*SUPPLIED DATA:*
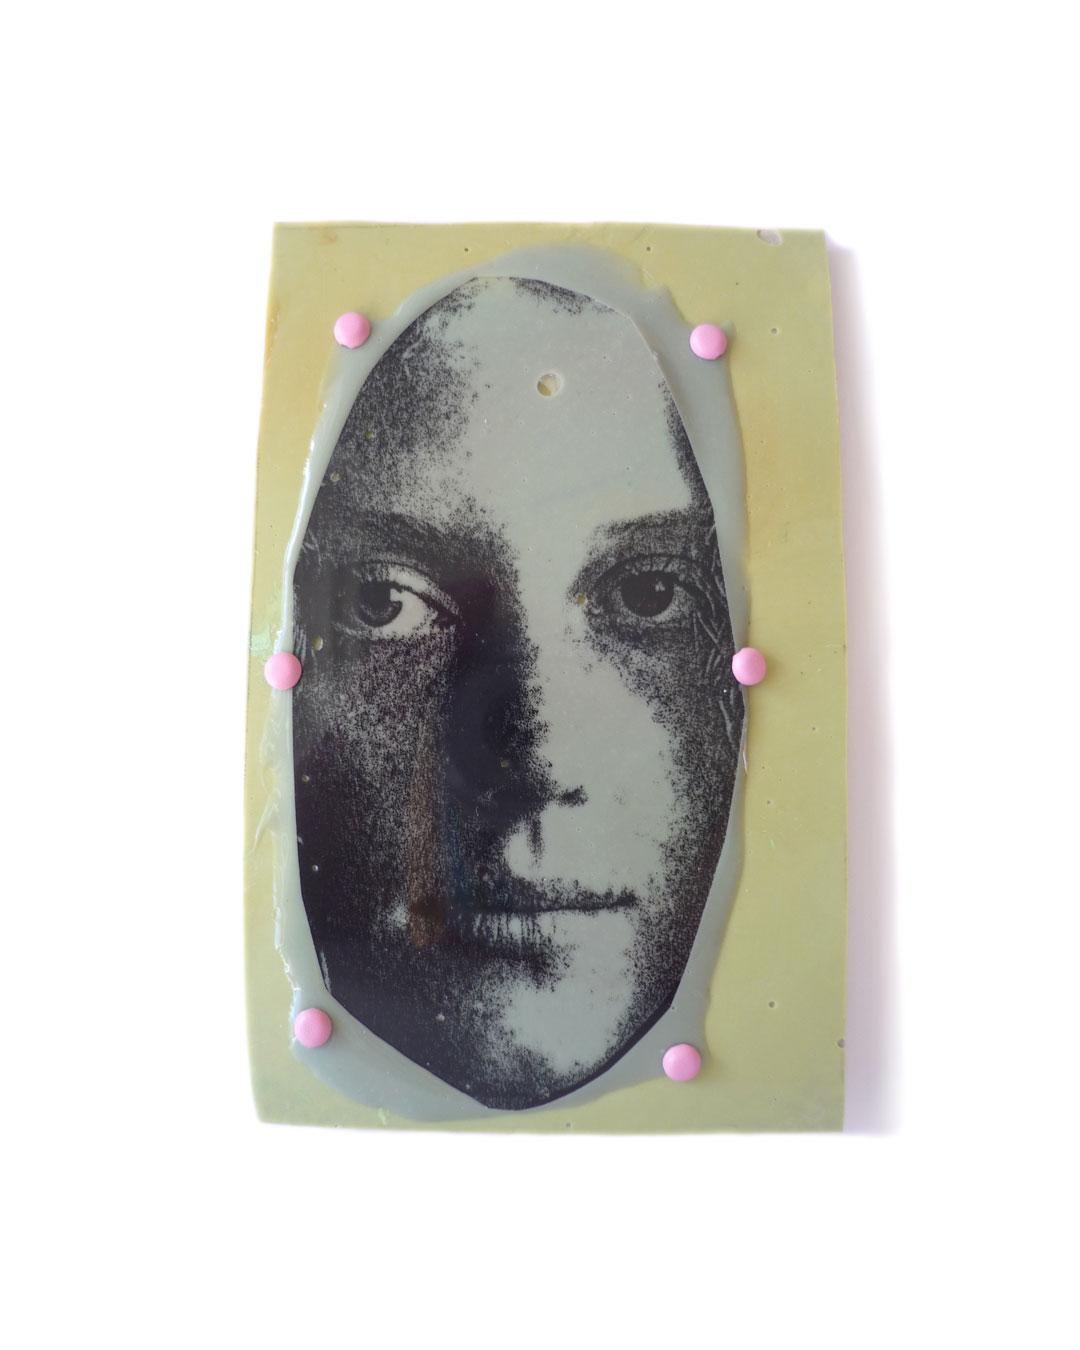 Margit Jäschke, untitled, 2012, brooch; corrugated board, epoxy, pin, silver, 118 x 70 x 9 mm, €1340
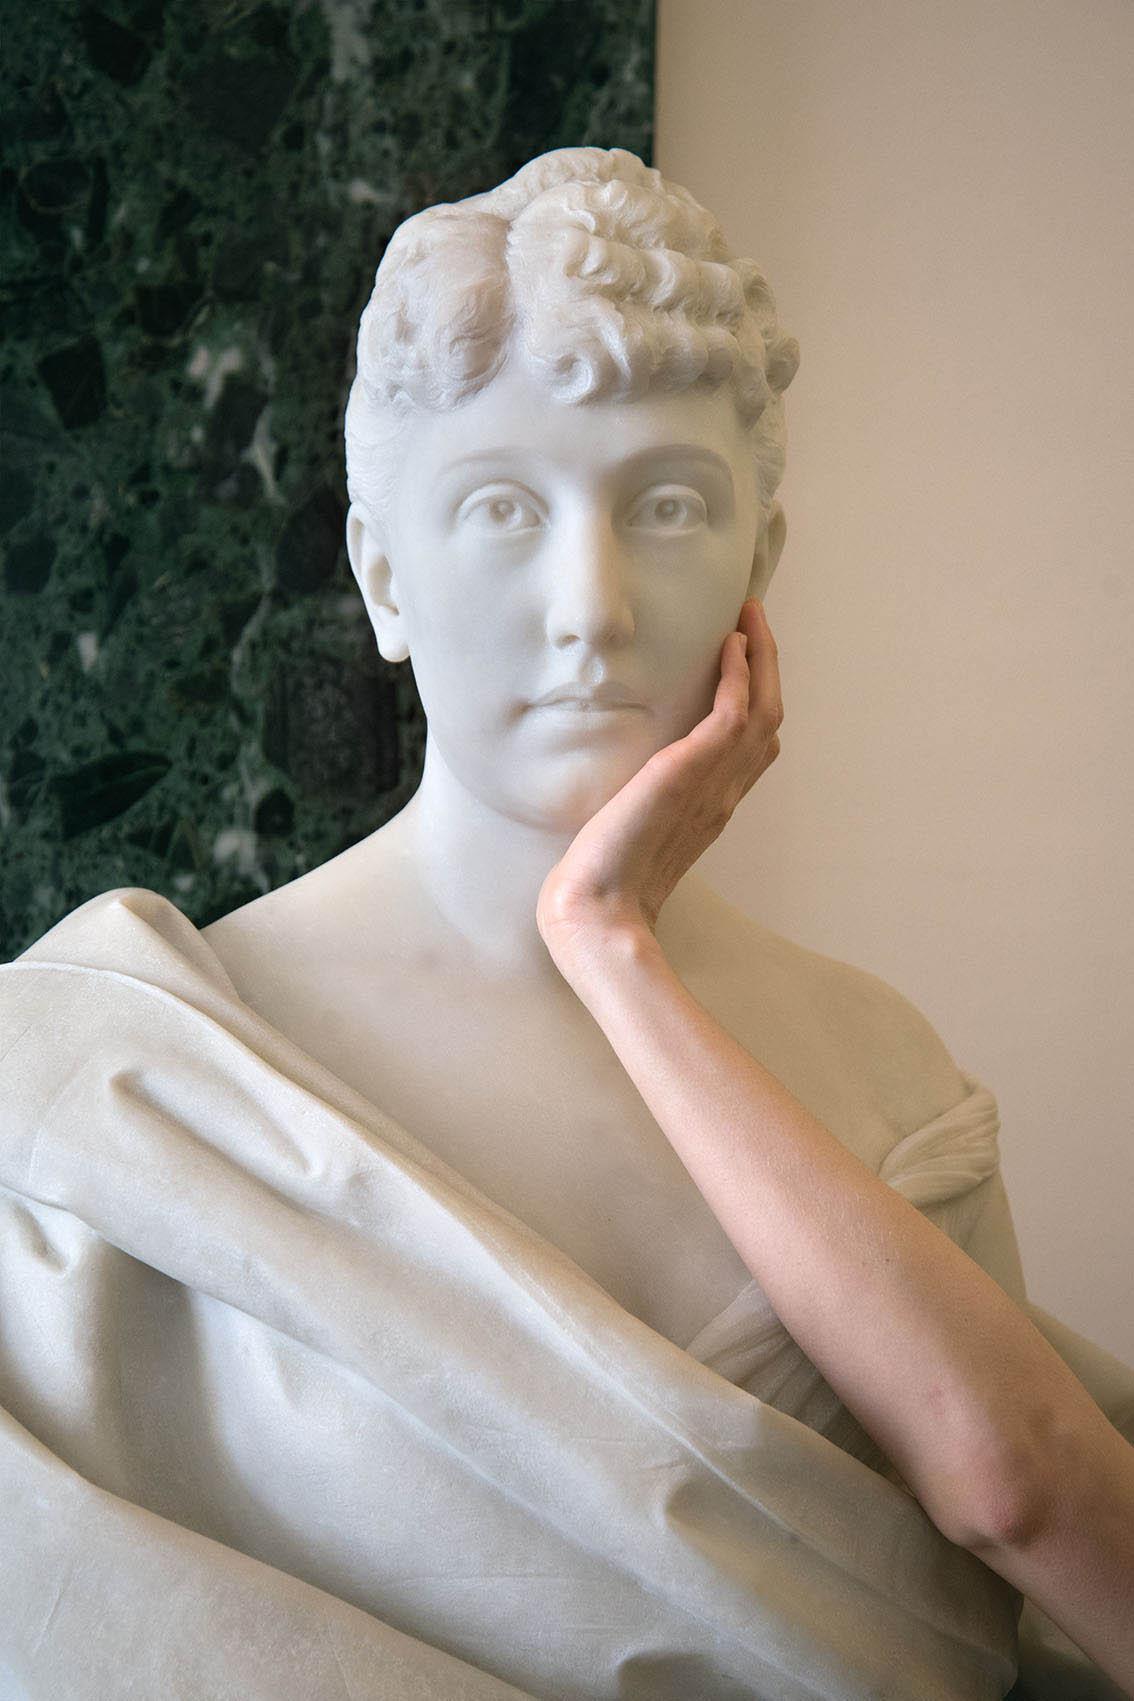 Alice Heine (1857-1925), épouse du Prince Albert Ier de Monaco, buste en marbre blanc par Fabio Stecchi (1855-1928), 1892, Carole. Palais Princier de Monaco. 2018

--

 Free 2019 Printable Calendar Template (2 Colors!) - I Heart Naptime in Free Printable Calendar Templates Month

...

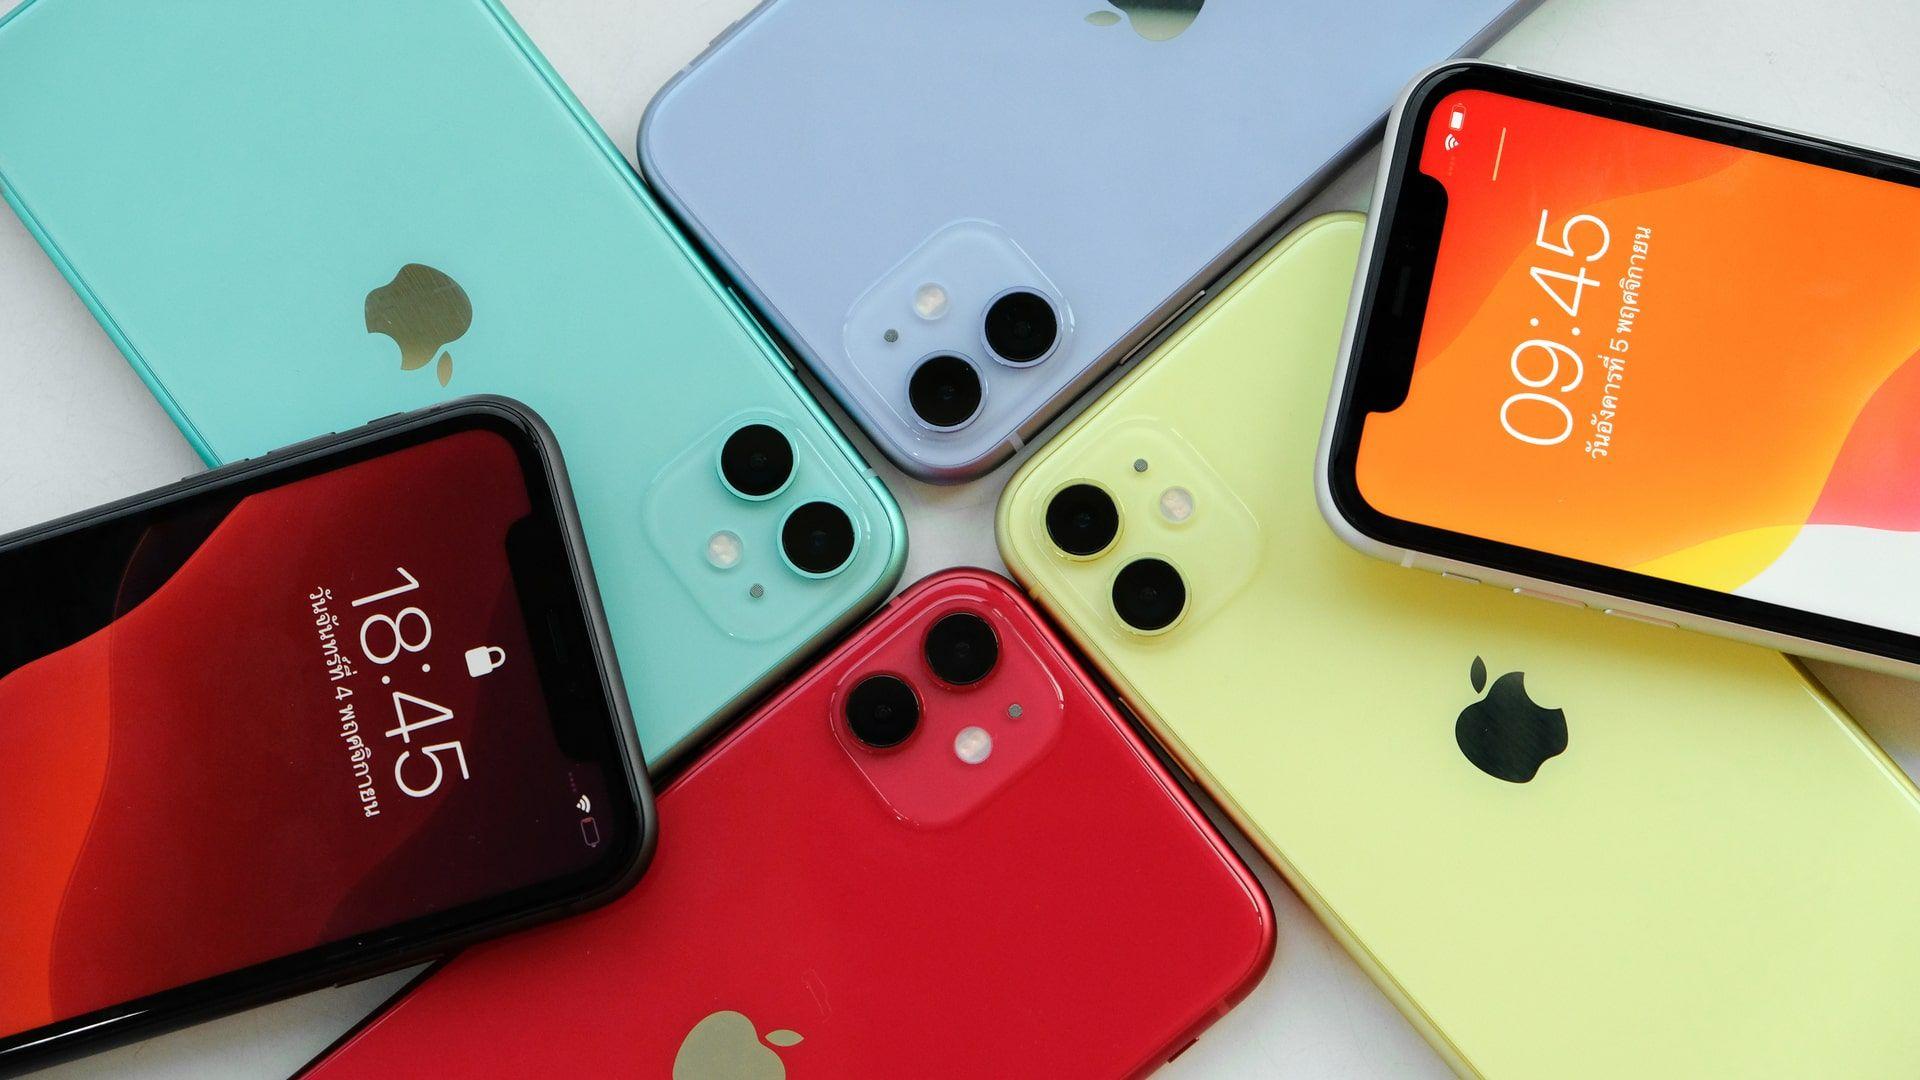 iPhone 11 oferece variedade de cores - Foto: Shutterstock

*TASK REQUIREMENTS:* Starting at the line above with "Margit Jäschke, untitled, 2012, brooch;", output every line exactly up to and including the line with "Alice Heine (1857-1925), épouse", but none of the pictures.

*TASK RESULT:*
 Margit Jäschke, untitled, 2012, brooch; corrugated board, epoxy, pin, silver, 118 x 70 x 9 mm, €1340
 Alice Heine (1857-1925), épouse du Prince Albert Ier de Monaco, buste en marbre blanc par Fabio Stecchi (1855-1928), 1892, Carole. Palais Princier de Monaco. 2018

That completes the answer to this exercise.